If you want the phone to ring again when we all return to the office, you have to be a part of the conversation that defines what’s important in our new reality. The brands that remain engaged with analysts will shape that thinking coming out of the crisis. If you think they have trouble now shaping category thinking or helping analysts understand your solution’s value to the market, just wait until shit completely changes for everyone. 

Here’s what to do:

  1. Analysts take briefings with work tech vendors all the time. Sometimes they’re part of a paid relationship (always a valuable mix to your marketing strategy) so the analysts can serve that vendor’s needs as a strategic advisor and help the business thrive. The other conversations are unpaid briefings: get-to-know-you conversations that put you in their pipeline — and analysts often survey or interview vendors before they publish a report, ranking, or grid that compares vendors and defines what criteria are important for a specific solution category. 
  2. Remember that analysts also hate attending conferences. Here’s why: If they go to an HR or workplace technology conference, they pretty much have to schedule as many briefings a day as possible. It’s important to their sales pipeline, paying clients want to talk with them while they’re in attendance, and brands that are just getting started with analyst relations want to introduce themselves to key analysts. That means back-to-back-to-back 30- to 60-minute briefings from sunup to sundown with barely a break in between. Hell, I’d hate that too. Increasingly, analysts are attending user conferences, customer conferences, and vendor conferences because they get the opportunity to have more meaningful conversations with vendors and buyers to see how work technology is really working (not just getting the aspirational marketing messages). 
  3. Let me share a secret: These analysts are really smart because they’re talking to brands like yours. They’re hearing firsthand what’s working, what’s not, and what buyers’ expectations are of work technology. That shapes their thinking. Analysts don’t have dark powers that help them predict the future — they have you. Analysts are seeing where the market is heading by tapping into what you’re learning in the market and by seeing your product road map. (To be fair, they’re also hearing from buyers asking for work technology that delivers certain features, benefits, and outcomes.)

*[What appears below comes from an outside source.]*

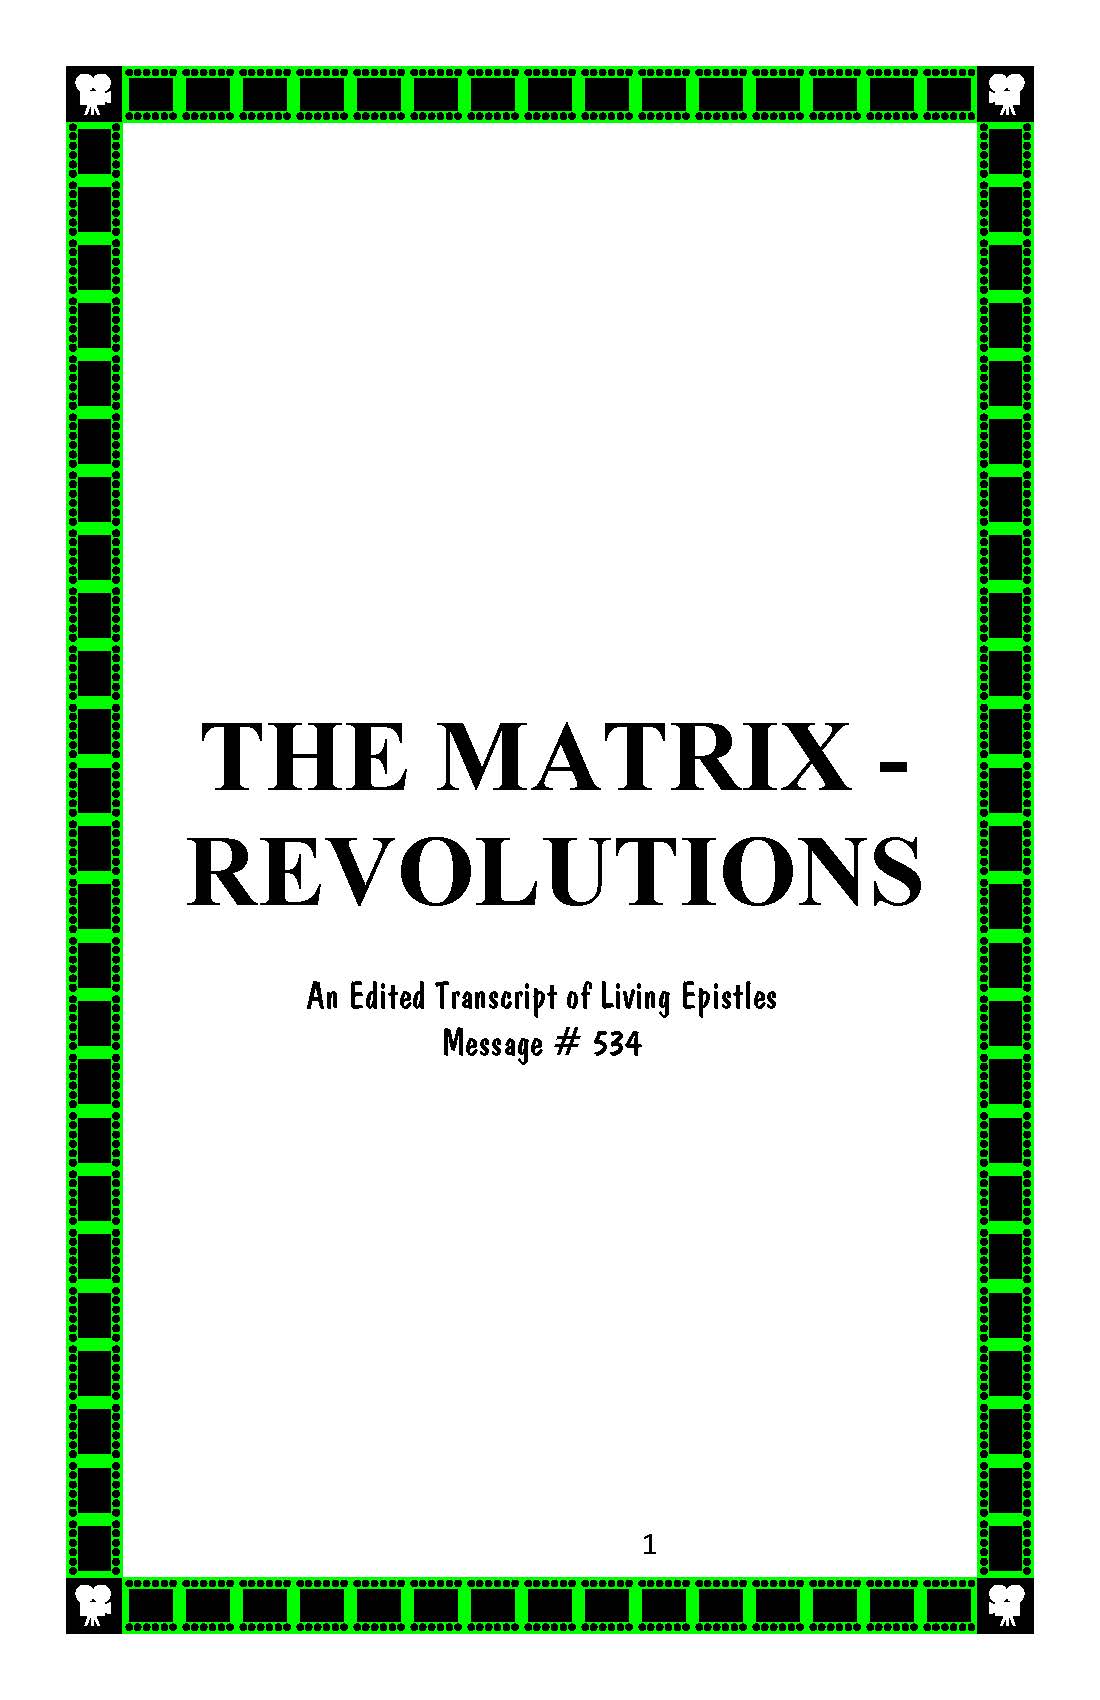 MATRIX REVOLUTIONS 534 LEM BOOK COVER 030116

Because we manage analyst relations, we hear from work technology vendors all the time — whether a startup or a top 10 category leader — their complaints about how analysts did not include them in a grid, ranking, or research report, or that the criteria they used to evaluate their category wasn’t fair or missed out on some important features and capabilities. “Don’t they know we have a lot of enterprise buyers?” “We’re a better solution than some of those included in the quadrant rankings!” “Our integrations and partnerships make us a stronger brand than some of those in the leader grid!”

I was on a call with an HR tech vendor and Ray Wang, founder and CEO of Constellation Research, when Ray was asked “What role does an analyst really play in all this?” His response: “We are out there evangelizing concepts. The question is: Do you want us evangelizing your concepts or your competitors’?”

We are certainly at a pivotal moment for workplace technology. The game is going to change. Buyers’ expectations are going to change. Vendors are going to have to change to thrive, or even survive.

Analysts will help shape the conversation about what’s most important in work technology in our new reality. The question is: Are you going to be part of the conversation or let the conversation shape you?